E2651. Using Deep Learning to Detect Atlantoaxial Instability
  1. David Lee; David Geffen School of Medicine at UCLA
  2. Ming-Yeah Hu; David Geffen School of Medicine at UCLA
  3. Raffi Salibian; Olive View-UCLA Medical Center; David Geffen School of Medicine at UCLA
Anteroposterior atlantoaxial instability (AAI) is characterized by increased mobility between the atlas (C1) and the axis (C2) in the anteroposterior plane. AAI may result from both osseous and ligamentous abnormalities at C1-C2 and can be seen with congenital conditions like Down syndrome or may be acquired after trauma or an inflammatory arthritis, like rheumatoid arthritis. A plain radiograph of the cervical spine in lateral projection is the most commonly used imaging modality to diagnose AAI. Flexion-extension views of the cervical spine in lateral projection can provide better diagnostic accuracy in AAI. The atlantodental interval (ADI) is measured between the anterior border of the dens and the posterior border of the anterior arch of C1. An ADI > 3 mm in adults is suggestive of AAI. We aim to develop a deep learning platform to automatically flag radiographs concerning for AAI. Automated detection of AAI can assist Radiologists with workflow optimization to ensure cases of AAI are interpreted in a timely manner. Physicians in clinical specialties, such as emergency medicine and rheumatology, may also benefit from this model when radiologist expertise is scarce or not immediately available.

Materials and Methods:
After obtaining Institutional Review Board (IRB) approval, we surveyed the available adult cervical spine radiographs from 2007 to 2022 at our institution. We measured the ADI between the posterior border of the atlas and the anterior border of the dens and classified > 3 mm as abnormal. The data consisted of 547 normal and 543 abnormal cases, which were randomly split into 1000 training and 90 test datasets. We employed YOLOv5 as the deep learning platform to perform object detection based on the training data with a bounding box label. Our bounding box was placed between the posterior border of the dens and the anterior border of the atlas. We trained our model using the pre-trained YOLOv5l weights with a resolution of 416, and max epoch of 600.
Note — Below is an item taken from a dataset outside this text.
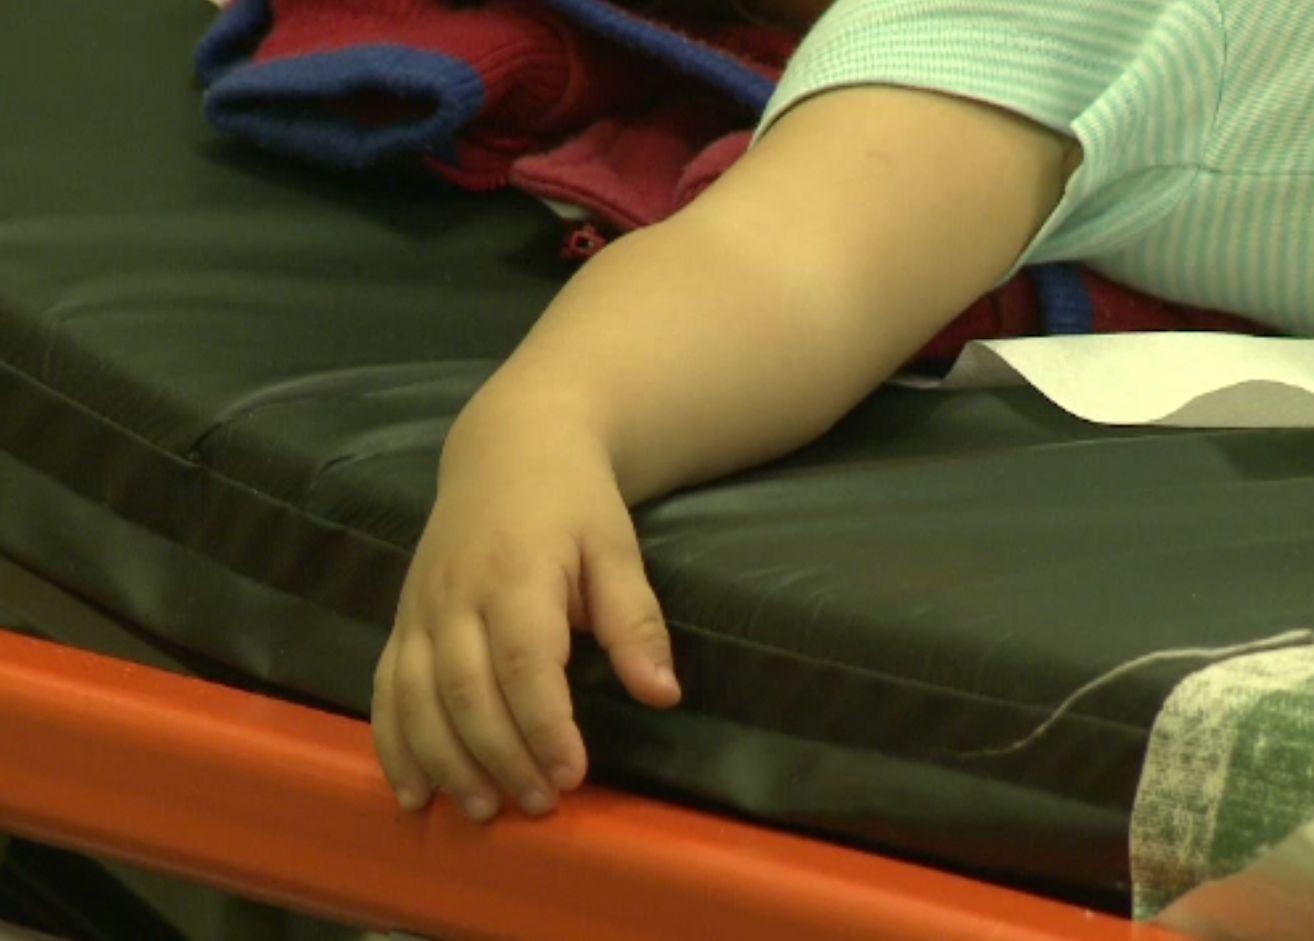 Femeia care și-a lăsat copilul să moară infectat cu viermi le-a spus judecătorilor că nu l-a îngrijit din silă

The training was completed in 2.5 hours and 200 epochs, with >0.99 precision and recall. On testing 90 cases, the true positive, true negative, false positive, and false negative counts were 31, 52, 6, and 1, respectively. The accuracy, precision, and recall of the test data were 0.93, 0.84 and 0.97, respectively.
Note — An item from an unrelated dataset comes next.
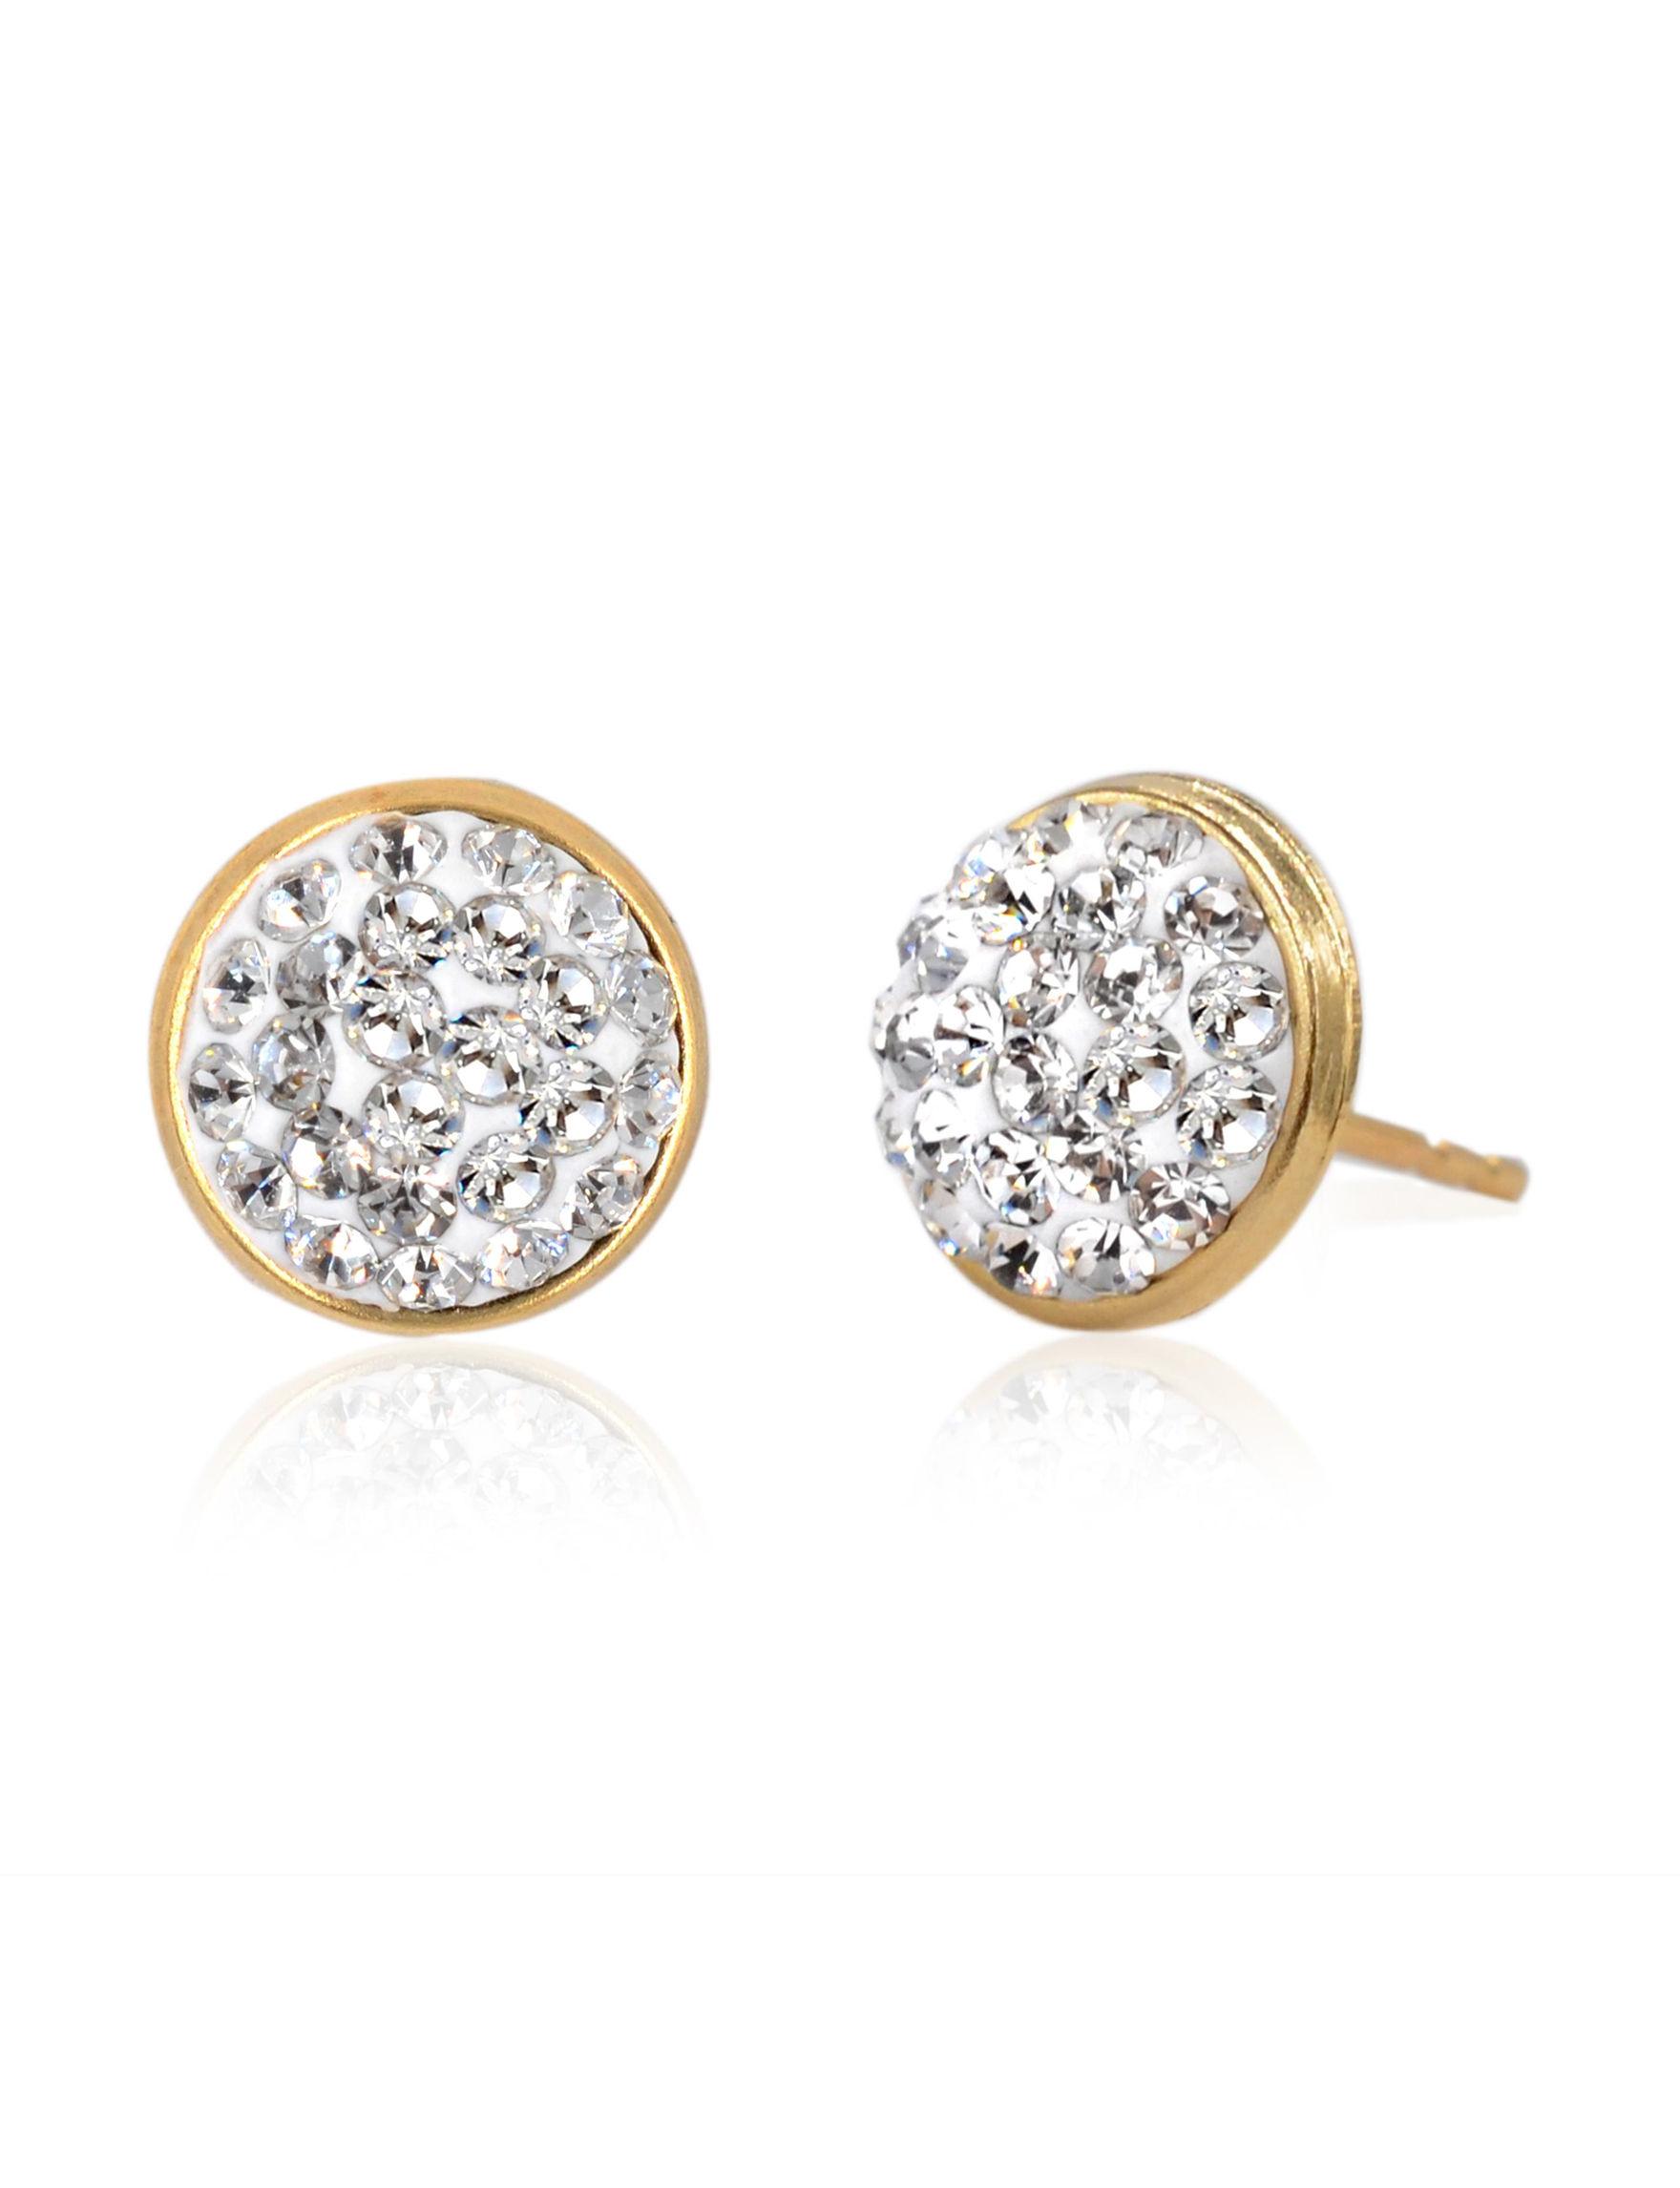 JTS Gold Earrings Fine Jewelry

We developed a deep learning model that can aid clinicians in assessing the risk of atlantoaxial instability based on lateral cervical radiographs without immediate input from the radiologist. Our model effectively detects an abnormal ADI on lateral cervical radiographs and may assist physicians in developing further diagnostic or management plans in patients with suspected atlantoaxial instability (AAI).